• TASK DIRECTIONS:
Retype the listing below line for line, but only from the line with "104 W North, Lexington, Illinois, 61753" down to the line with "Análisis de precios", inclusive. Pictures stay out.

• RECORDS FOR THE EXERCISE:
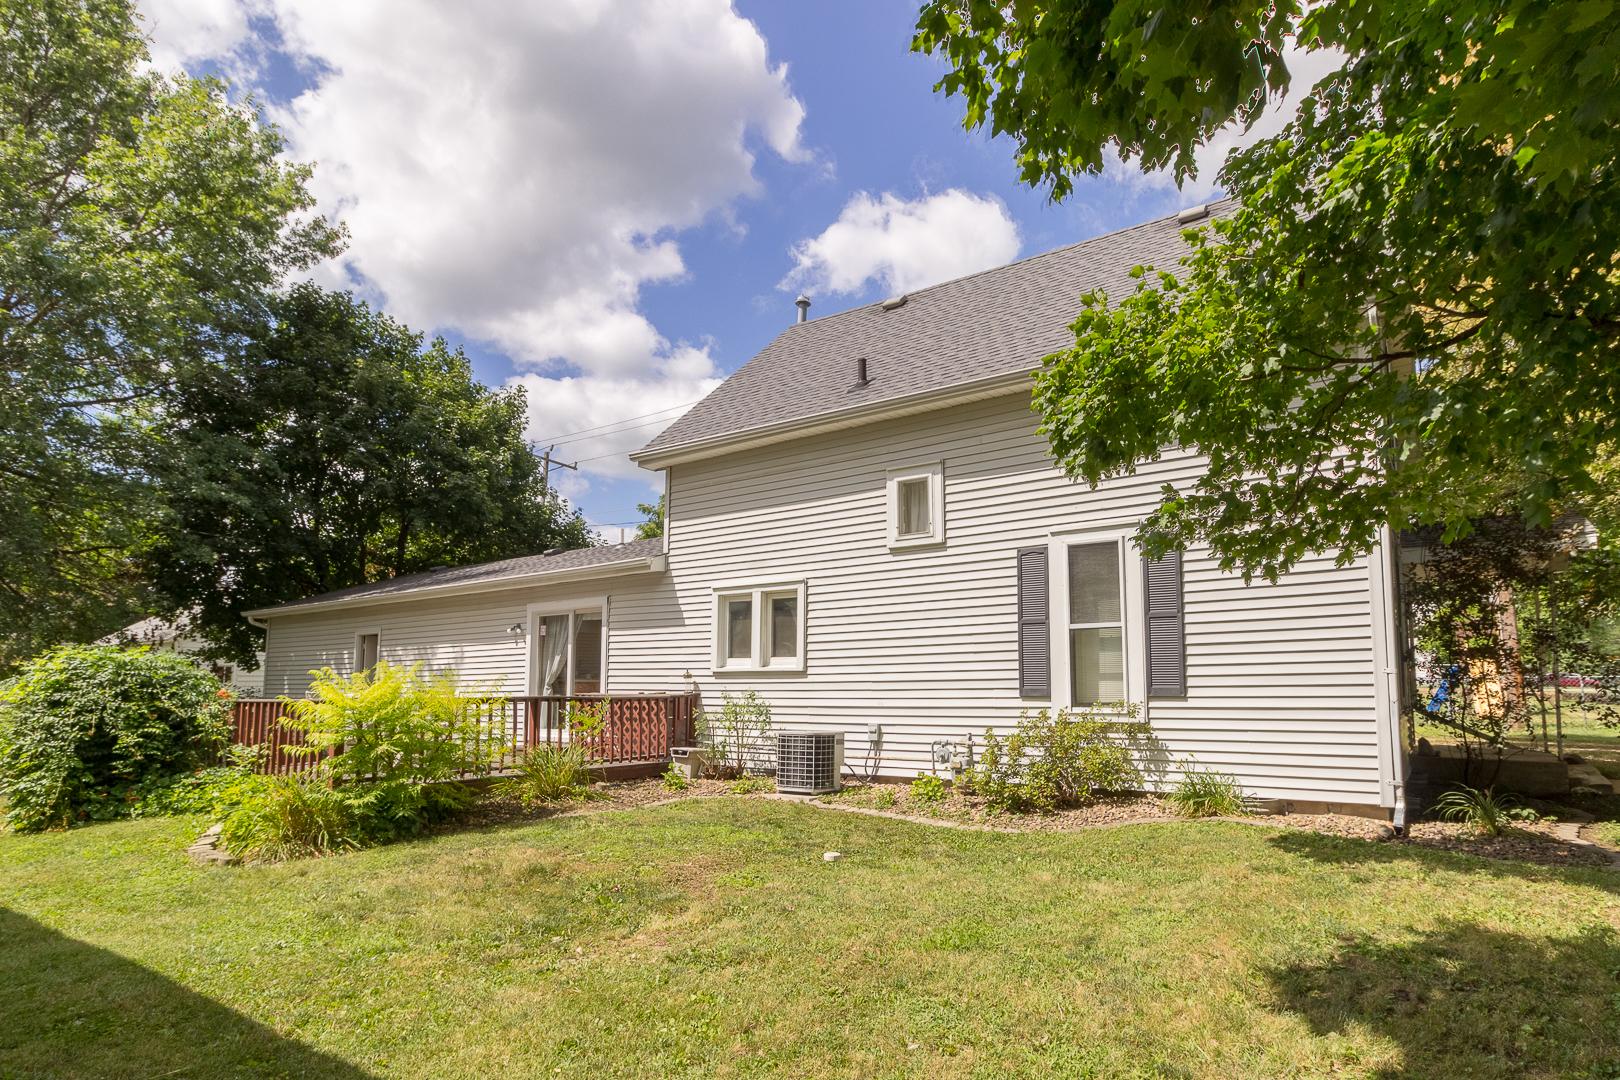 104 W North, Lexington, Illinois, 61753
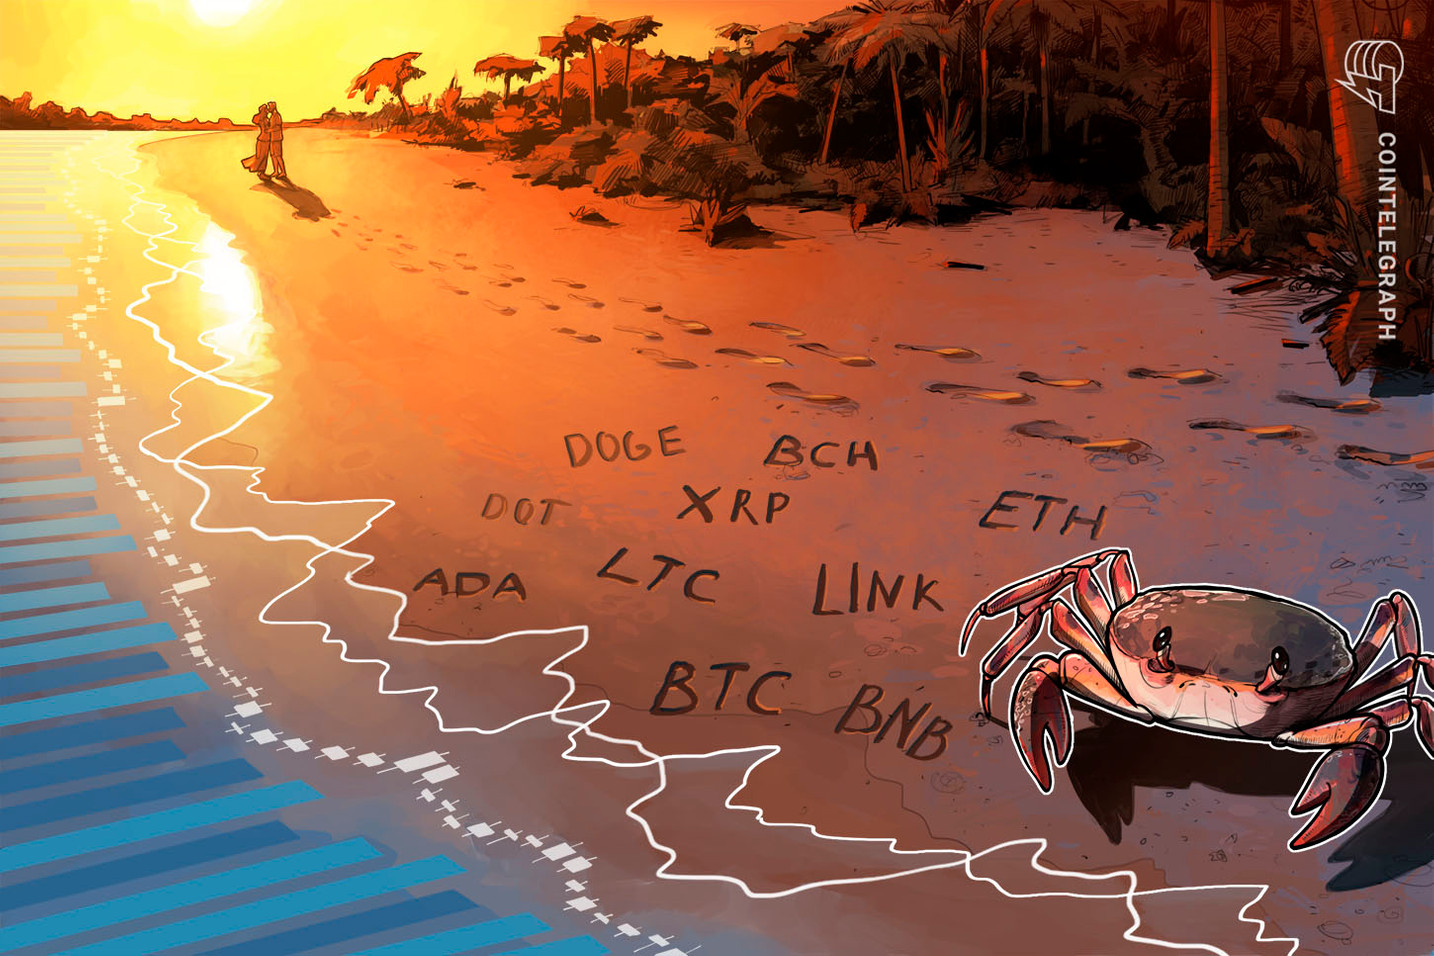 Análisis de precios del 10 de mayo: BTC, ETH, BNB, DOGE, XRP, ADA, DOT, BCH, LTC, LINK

* * *

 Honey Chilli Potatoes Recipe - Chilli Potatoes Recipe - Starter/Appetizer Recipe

• ANSWER TO THIS TASK:
 104 W North, Lexington, Illinois, 61753
 Análisis de precios del 10 de mayo: BTC, ETH, BNB, DOGE, XRP, ADA, DOT, BCH, LTC, LINK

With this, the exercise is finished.